Oh for sure the "haute cuisine" production (haha I like the term) seems like a tough choice for newcomers specially in the webcomic world. But I'd say, it'll depends on how you go about it, building an audience while you are working on your comic seems the logical thing to do, specially if you are new.
If you post character design, concept art or any kind of teaser of your project consistently, that kind of content do pick the interest. And they are bound to be excited when the comic is finally online.
The "already-established" comes from years of teasing the project, from what I've seen. (I'm talking purely about comic artist, not illustrator who transition to making comic)
On top of my head, there is 2 artists that I follow and I saw their audience growing as they were teasing their comics.

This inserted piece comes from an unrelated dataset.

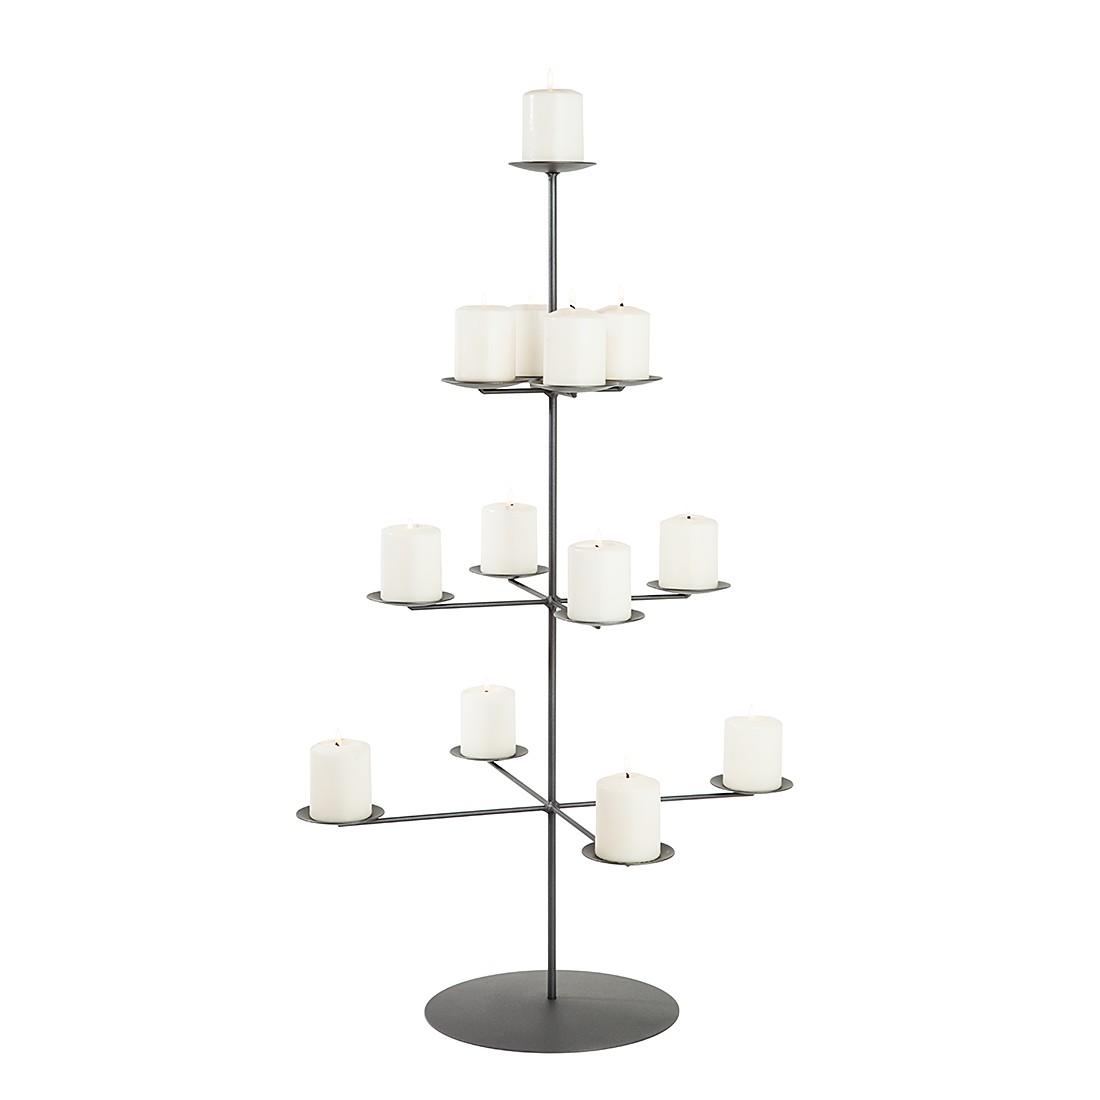 Lilja Metall-Kerzenständer, Home24Deko günstig online kaufen

Koteri.Ink and Project Divider.
The first one recently took pre-order of the first volume. He was working on it since 2017 and finished it in January of this year. Looking back at his instagram, he talks about the project in 2016. His audience wasn't at 200K in 2016 but it grews this big because he kept teasing his world.
Project Divider followed the same pattern and he will drop the comic soon on Webtoons. And it will probably gather a good amount of attention.

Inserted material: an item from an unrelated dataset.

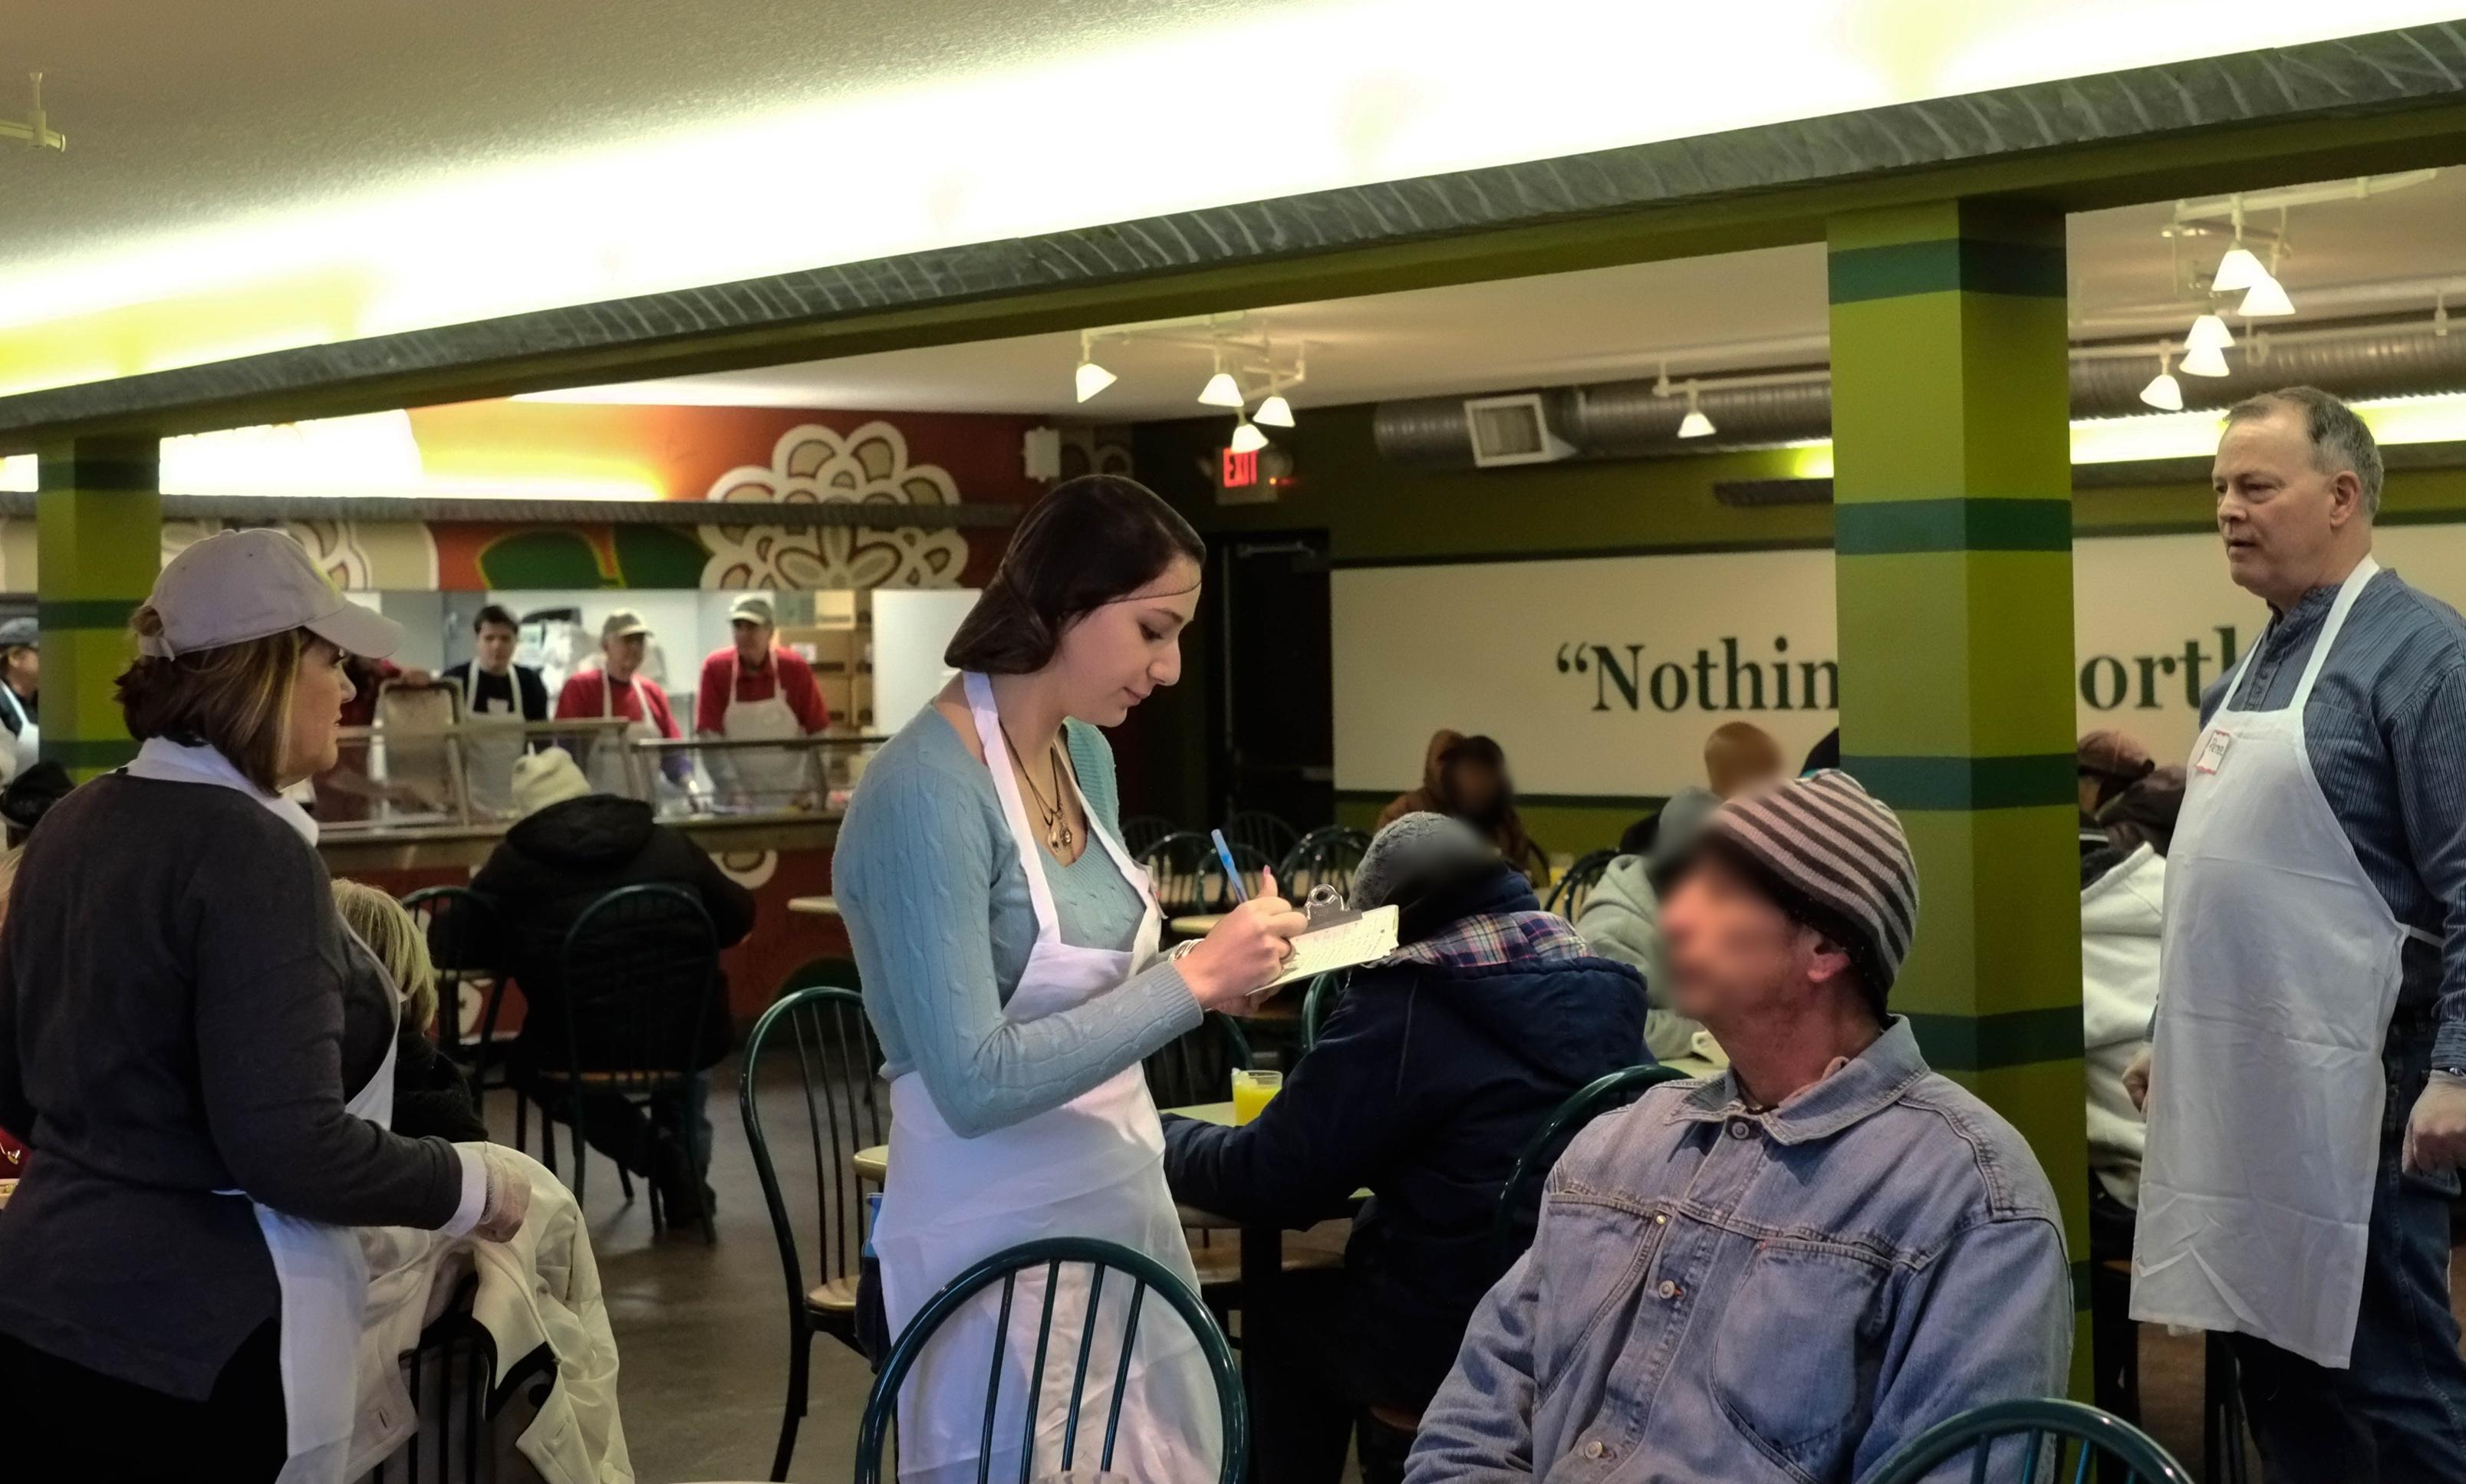 restaurante en kansas 03

Using comic to establish your identity as an artist from the start, it's definitely hard because even if it's free, people consume as a product, in most case they are not curious about the behind the scene, about the artist, if they don't like it, they move on.
It can be cold. A concept art feels different, it's you, practicing. People aren't as critical.
When you are new, there is no rush of publishing your comic right away. No real benefit (imo)
There is no pressure of trying to stay consistent or relevant.
You put the right amount of care, cut corners where it needs to etc.
The use of assets really stem from the need of keeping the weekly mark, specially if you don't have any buffer.
It becomes a necessity more than a creative decision. And that's when it gets tricky for me.
But that's the part of the business.
I definitely understand why artists would use those tools tho'.